On Mon, Aug 13, 2012 at 11:38 PM, Daniel Berlin <dannyb at google.com> wrote:
> On Tue, Aug 14, 2012 at 2:14 AM, Eli Friedman <eli.friedman at gmail.com> wrote:
>> On Mon, Aug 13, 2012 at 8:05 PM, Rafael Espíndola
>> <rafael.espindola at gmail.com> wrote:
>>>> In any case,  an updated patch is attached. I made it slightly less
>>>> aggressive but faster by keeping isOnlyReachableViaThisEdge as a fast
>>>> dominance approximation. I understand that it is taking a technical
>>>> debt, but I think I should be able to repay it :-)
>>>
>>> Looking at the code of the new GVN pass I see that it implements a
>>> similar feature by doing
>>>
>>>       AU.addRequiredID(BreakCriticalEdgesID)
>>>
>>> While this is a possibility, applying this to the current GVN
>>> implementation causes some problems. First, we have to mark
>>> BreakCriticalEdges as preserving AliasAnalysis and
>>> MemoryDependenceAnalysis, which I guess is fine.
>>>
>>> The addition of extra basic blocks seems to prevent some optimizations
>>> and causes two tests to fail:
>>>
>>>     LLVM :: CodeGen/Thumb2/2009-12-01-LoopIVUsers.ll
>>>     LLVM :: Transforms/GVN/2011-06-01-NonLocalMemdepMiscompile.l
>>>
>>> I have not debugged exactly why. Finally, it seems that when looking
>>> at the time of a full opt -O2 run, at least with the current
>>> algorithm, the impact of splitting the critical edge is larger than
>>> the impact of directly reasoning about a use being dependent on an
>>> edge.
>>>
>>> In any case. I have attached both the previous patch and a variation
>>> that uses critical edge splitting instead.
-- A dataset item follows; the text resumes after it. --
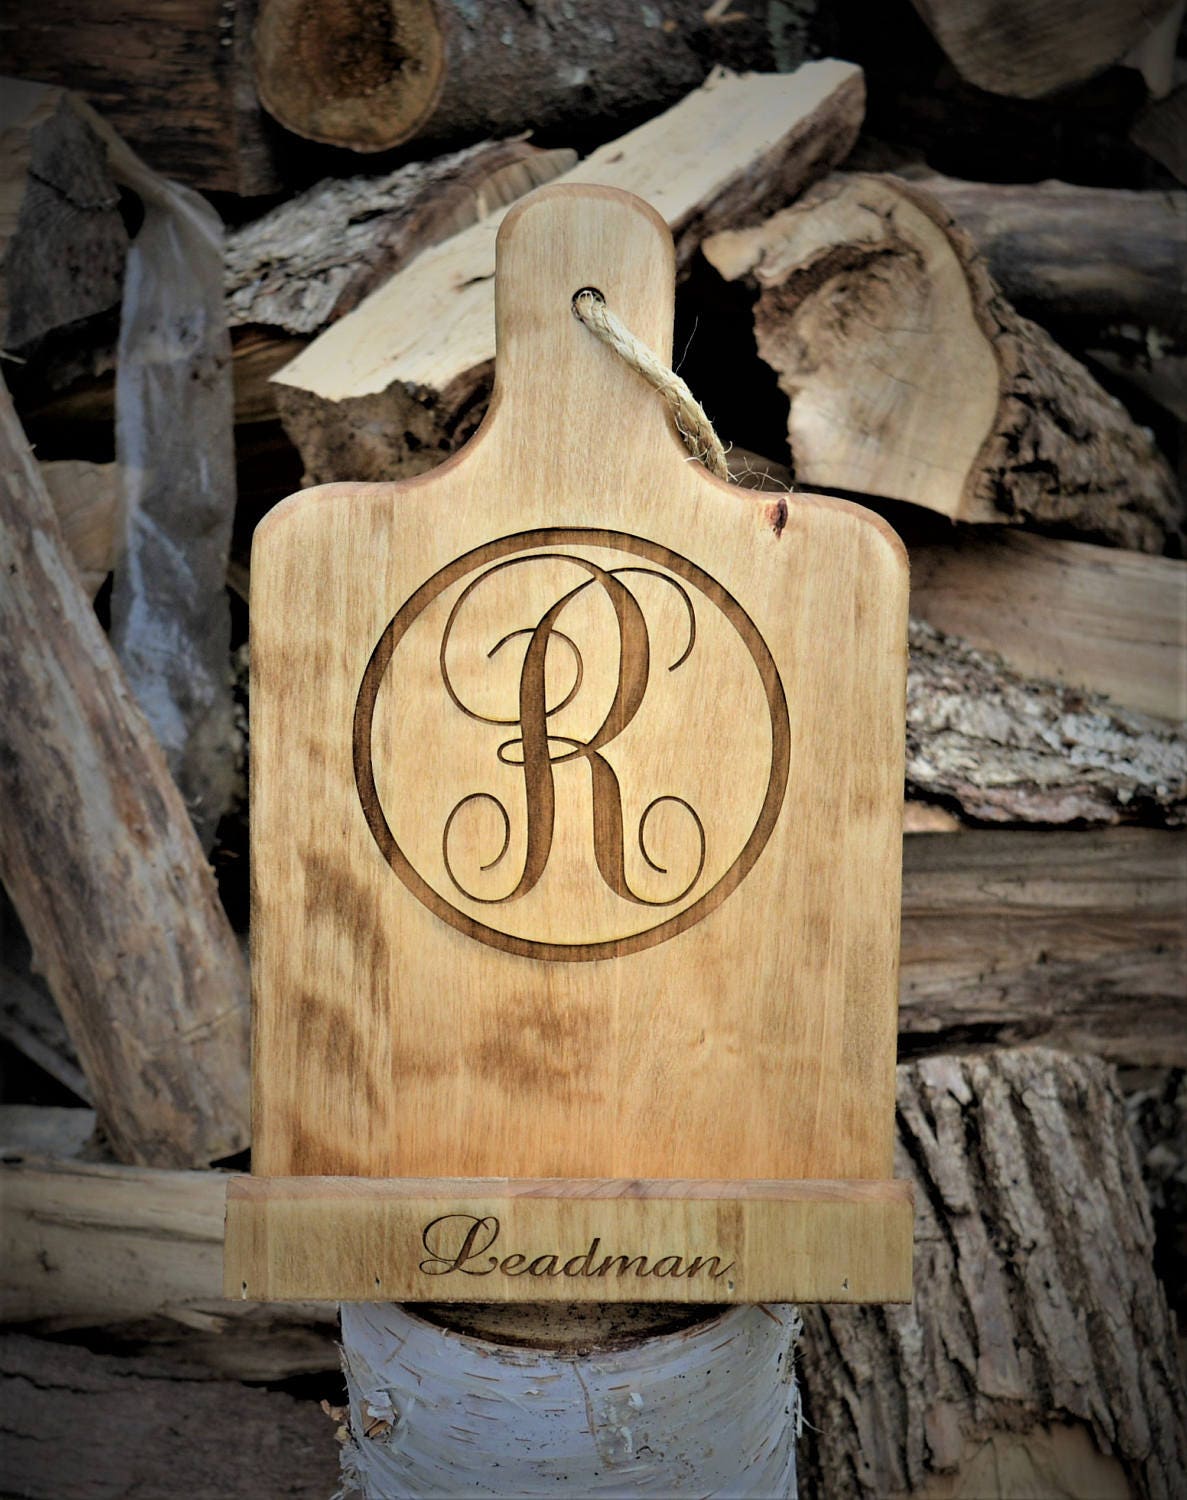 Personalized Wood Recipe Box - Engraved Custom Kitchen Gifts

If there is a preference
>>> for the edge splitting one I can try to figure out the two remaining
>>> test failures.
>>
>> We don't want to add additional users of the BreakCriticalEdges pass;
>> it's bad for performance.
>
> In what exact way?
>
> For example, current LLVM GVN notes critical edges blocking PRE, then
> splits them, then  *reiterates all of its PRE* just to deal with a
> critical edge.
>
> This causes N^2 iterations (*just in GVN*) in the worst case.  GVN's
> local PRE is certainly more expensive than breaking critical edges.
>
> Algorithms that detect and try to account for critical edges are
> usually complicated and expensive.
>
> GCC's edge-based PRE that would split only the critical edges that
> were necessary (by detecting which placements were blocked by them)
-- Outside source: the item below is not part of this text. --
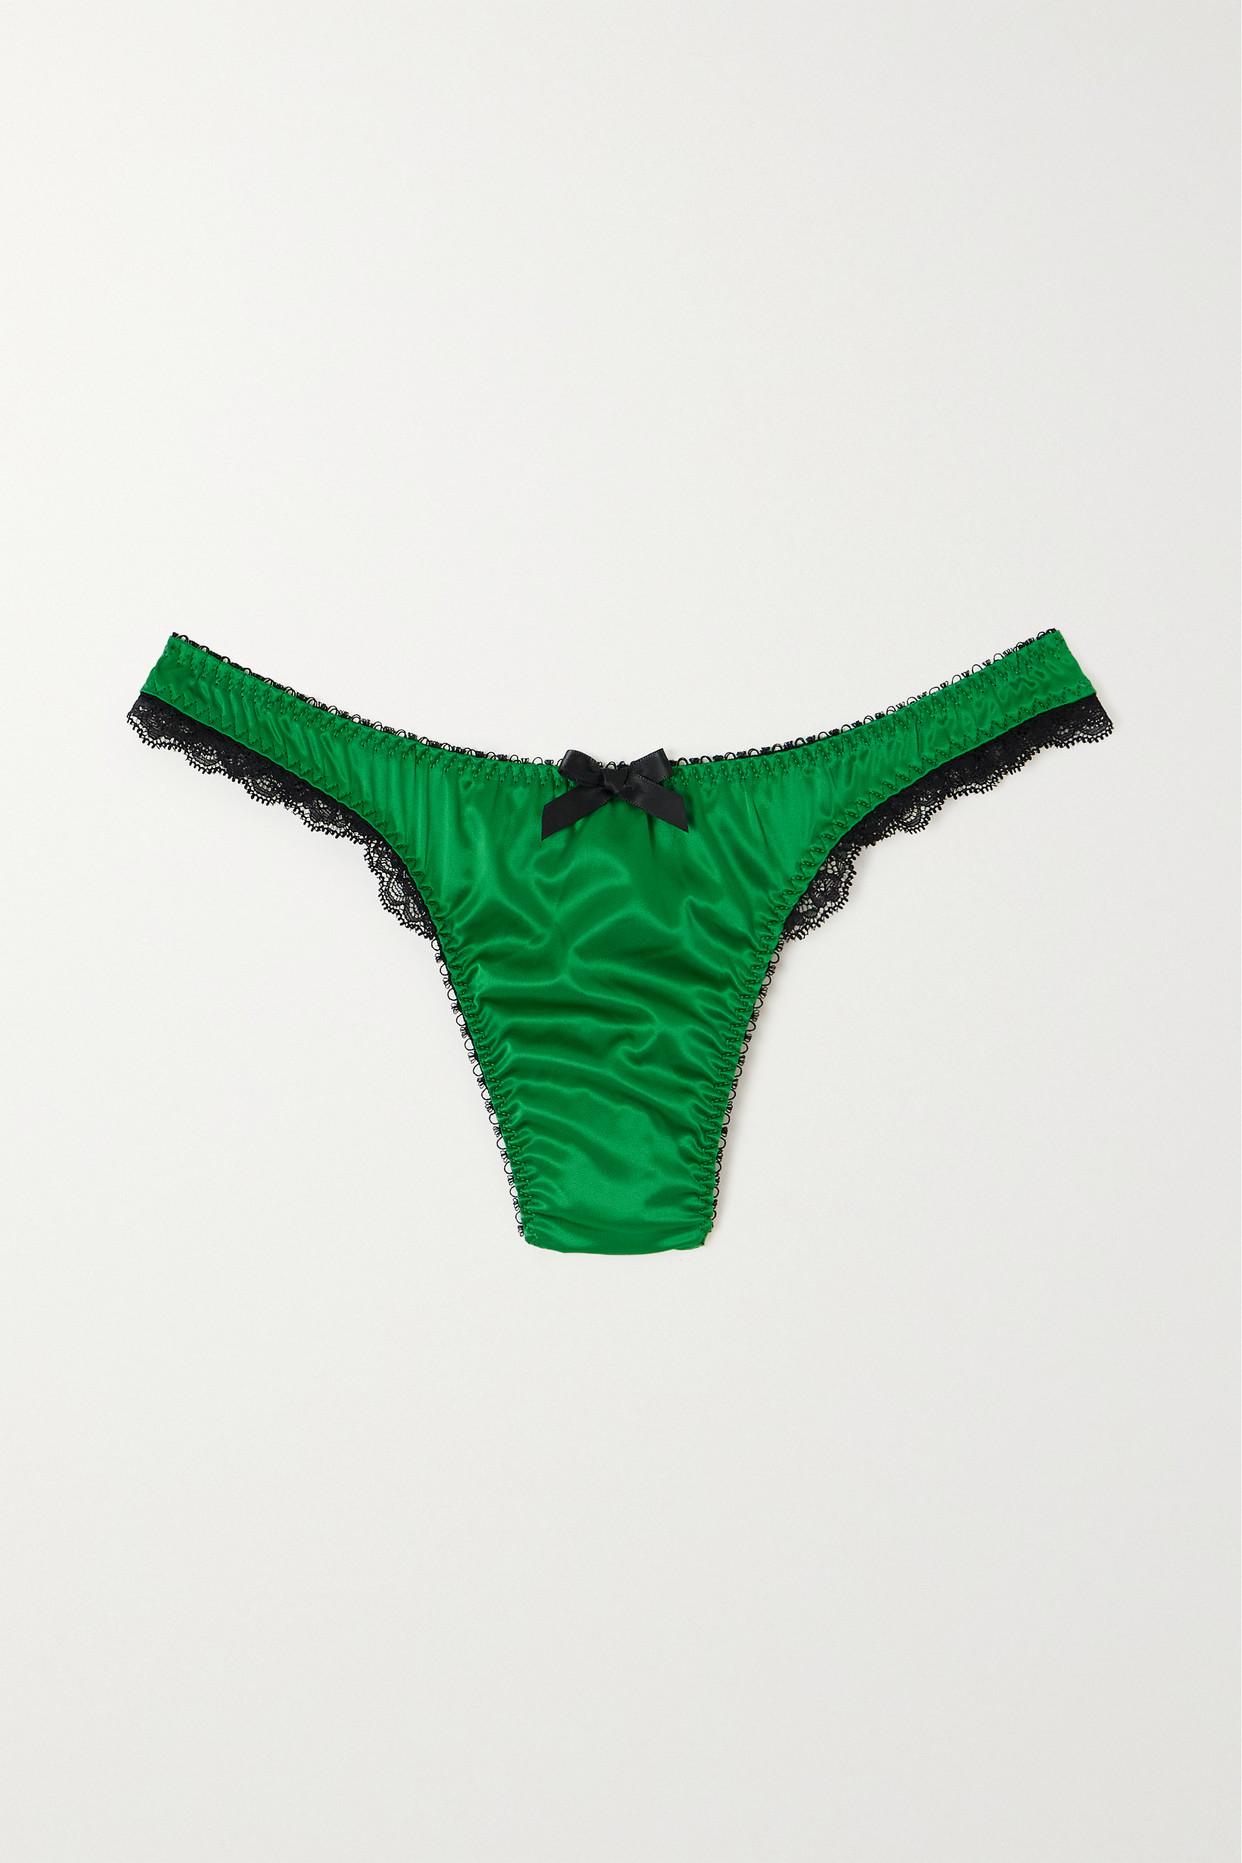 Agent Provocateur Sloane Lace-trimmed Satin Thong in Green

> turned out to be significantly more expensive than simply splitting
> all critical edges.
>
> Additionally, to my recollection, in the history of GCC, critical edge
> splitting, even on huge functions, has never shown up as any real
> performance hit (IE > 0.1% of the total profile).
>
> Is there some mailing list discussion or performance data you can
> point me at that shows why it is such a problem?

I can't really find any extended discussion of it... it's sort of
difficult to find because nothing in the tree has used that pass for a
very long time.  The old condprop pass was the last user removed, and
there were other reasons to get rid of it.  Basically, I'm just
automatically suspicious of any pass which globally transforms IR in a
way which will be reversed by passes like SimplifyCFG; there's a
performance cost which is partially attached to passes other than the
pass which actually does the transform, and various IR utility
functions won't be aware of the extra invariants.  One of the few
places we do perform such transforms is the loop transformations, and
passes accidentally breaking the invariants has caused many bugs.

That said, it's possible that it's worthwhile in this case; it sounds
like your experience shows the cost here is minimal (which is
believable, given how expensive GVN is generally).

-Eli